Skip pictures in the listing below; copy exactly the lines from the one with "Samsung Galaxy Tab" through the one with "Embroidery Graphic Tee - Flower", inclusive.

Dataset records
::::
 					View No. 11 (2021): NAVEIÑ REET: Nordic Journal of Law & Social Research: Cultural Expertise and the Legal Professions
::::
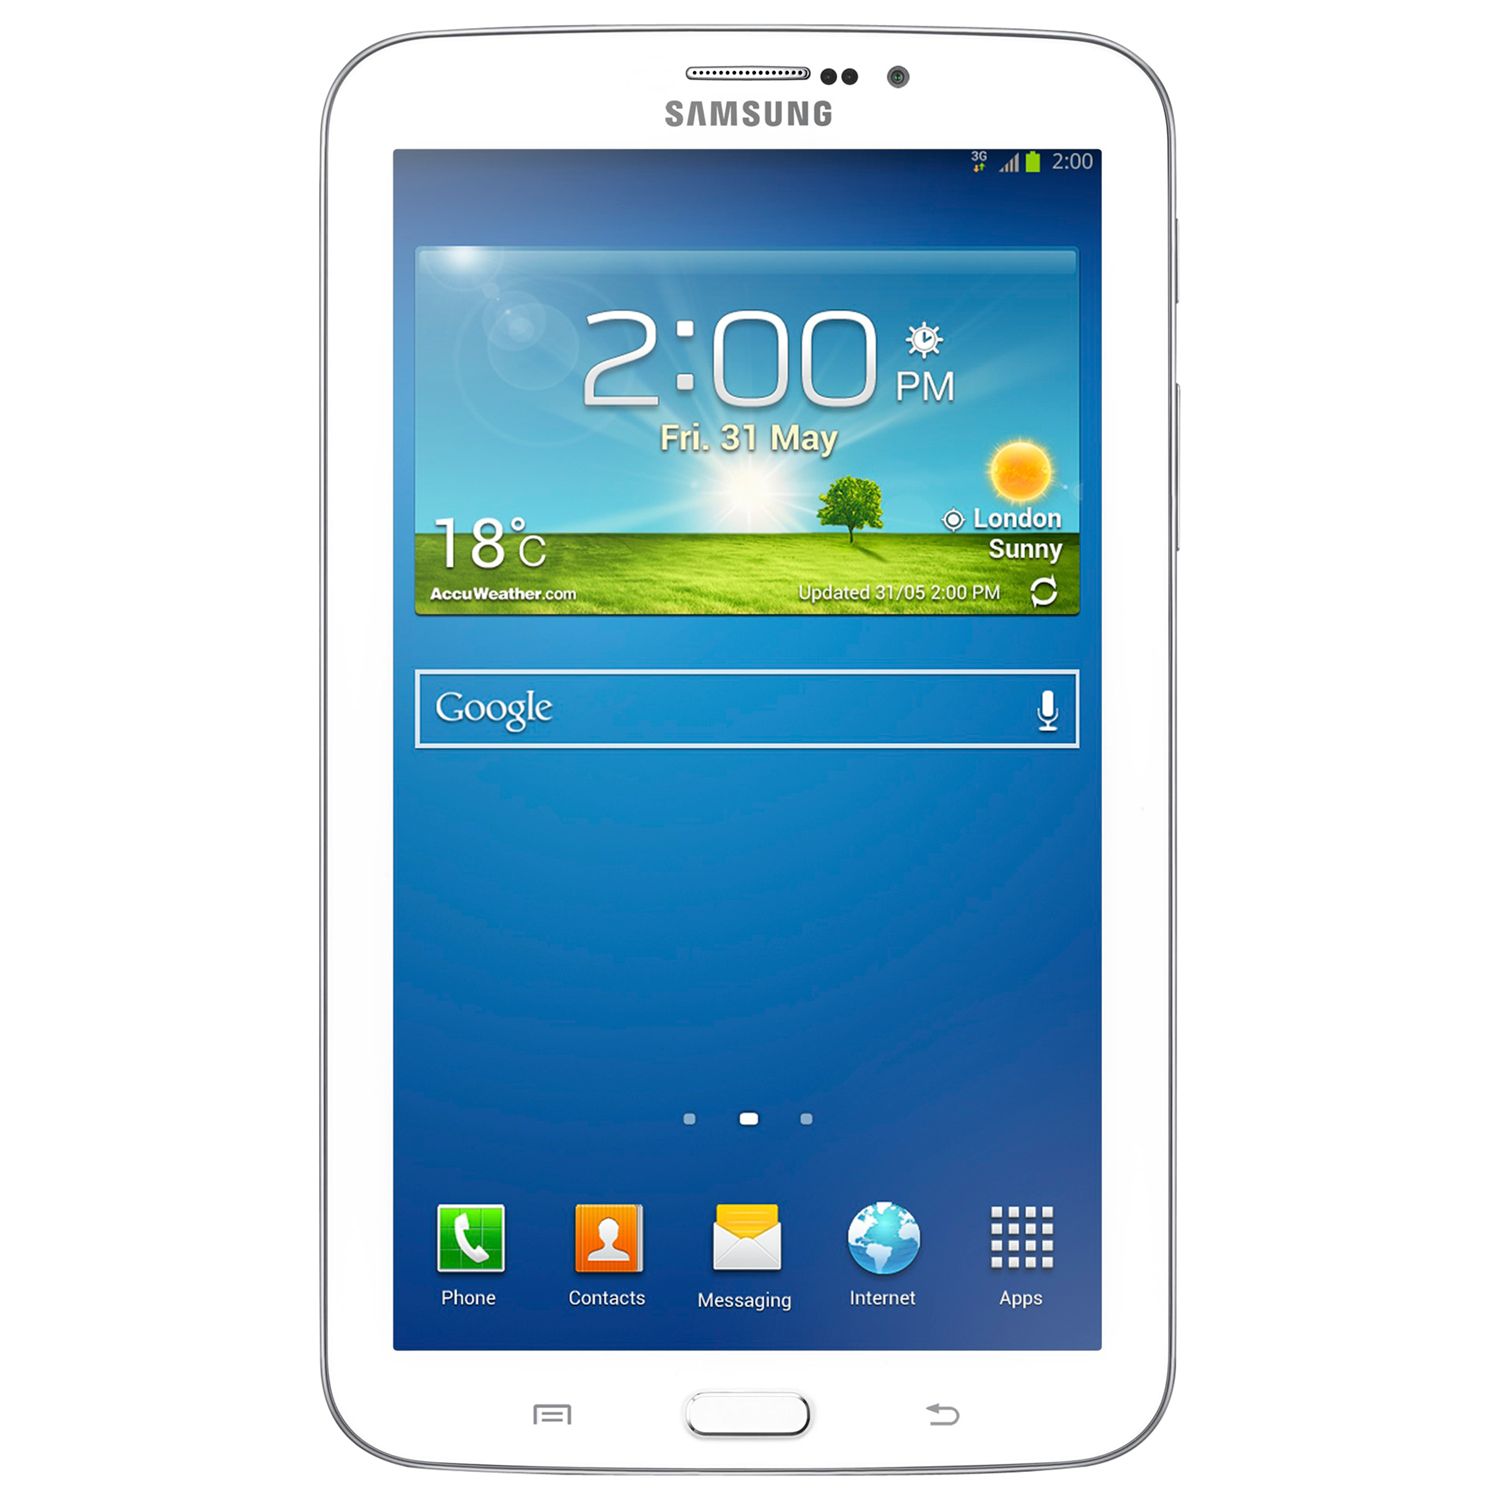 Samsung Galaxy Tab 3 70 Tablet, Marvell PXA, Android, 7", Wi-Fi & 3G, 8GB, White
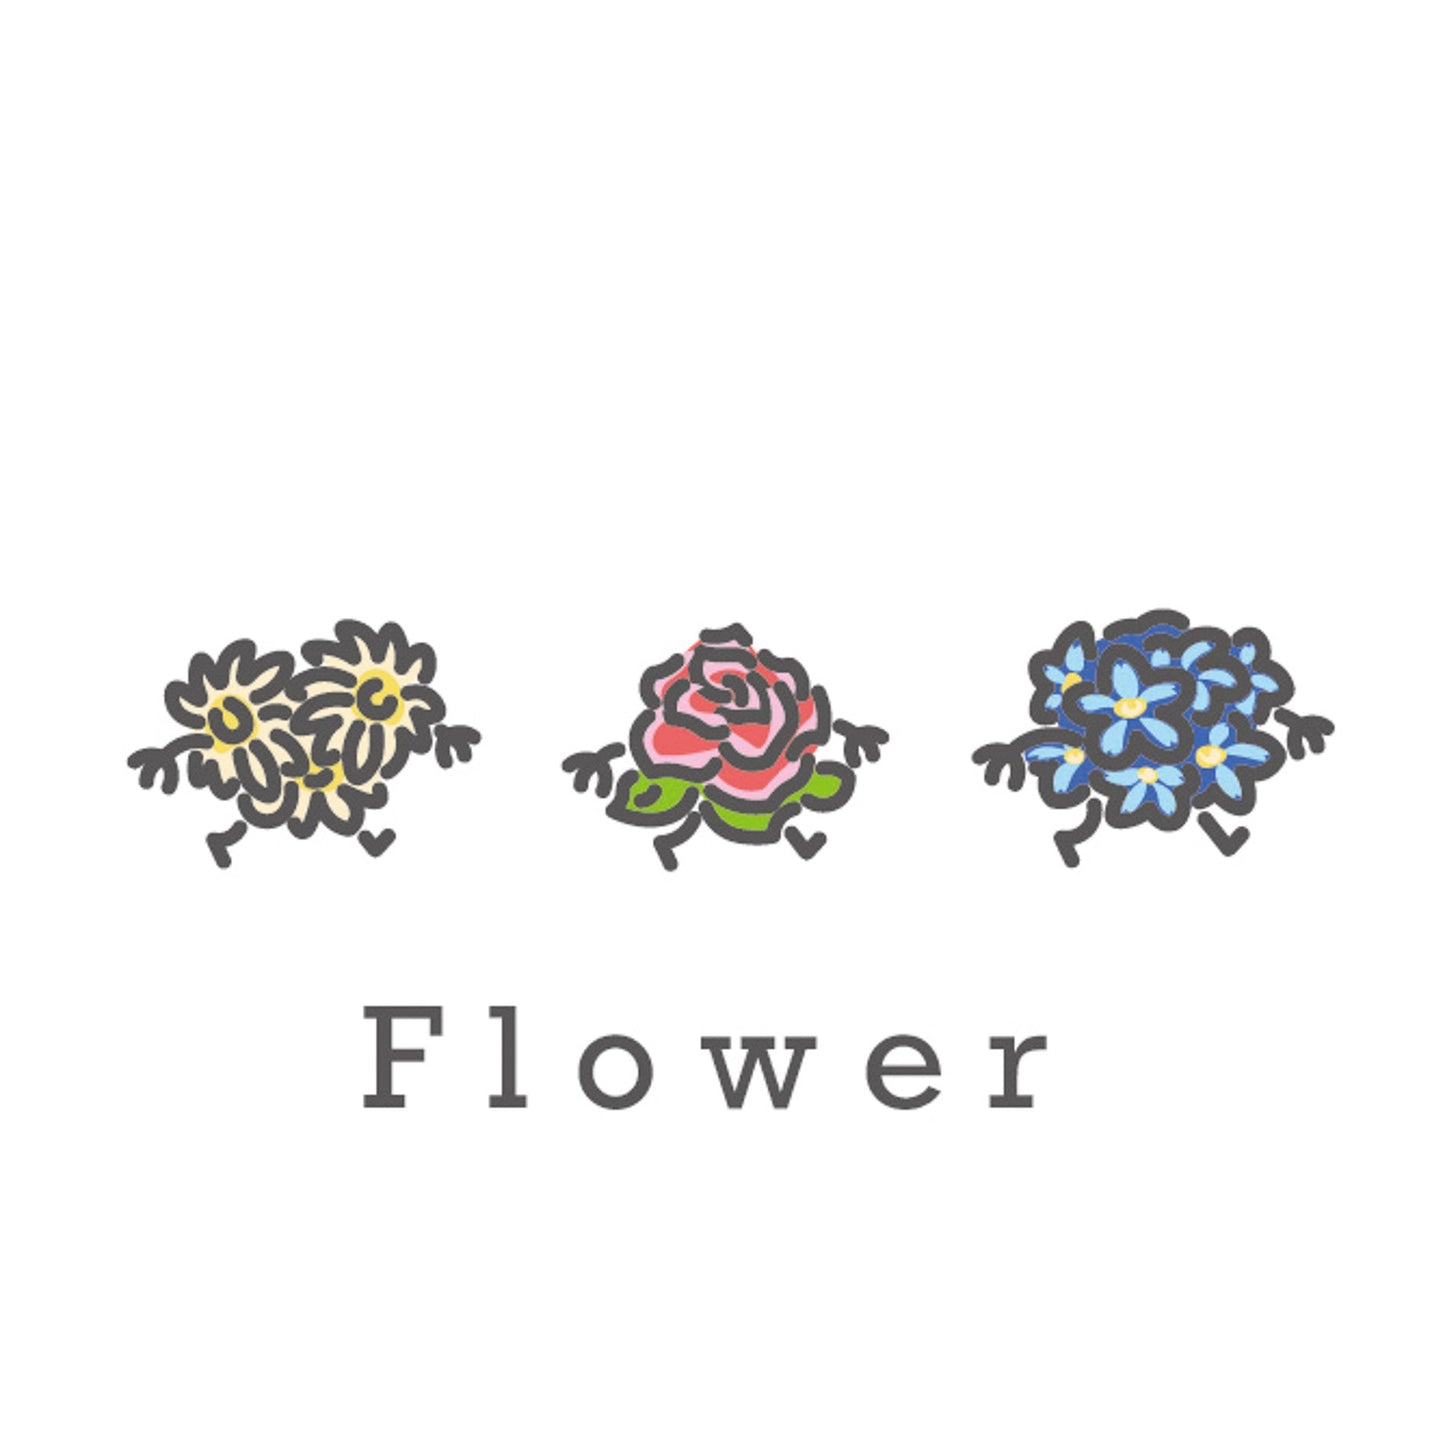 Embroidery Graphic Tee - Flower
::::
Task solution
 Samsung Galaxy Tab 3 70 Tablet, Marvell PXA, Android, 7", Wi-Fi & 3G, 8GB, White
 Embroidery Graphic Tee - Flower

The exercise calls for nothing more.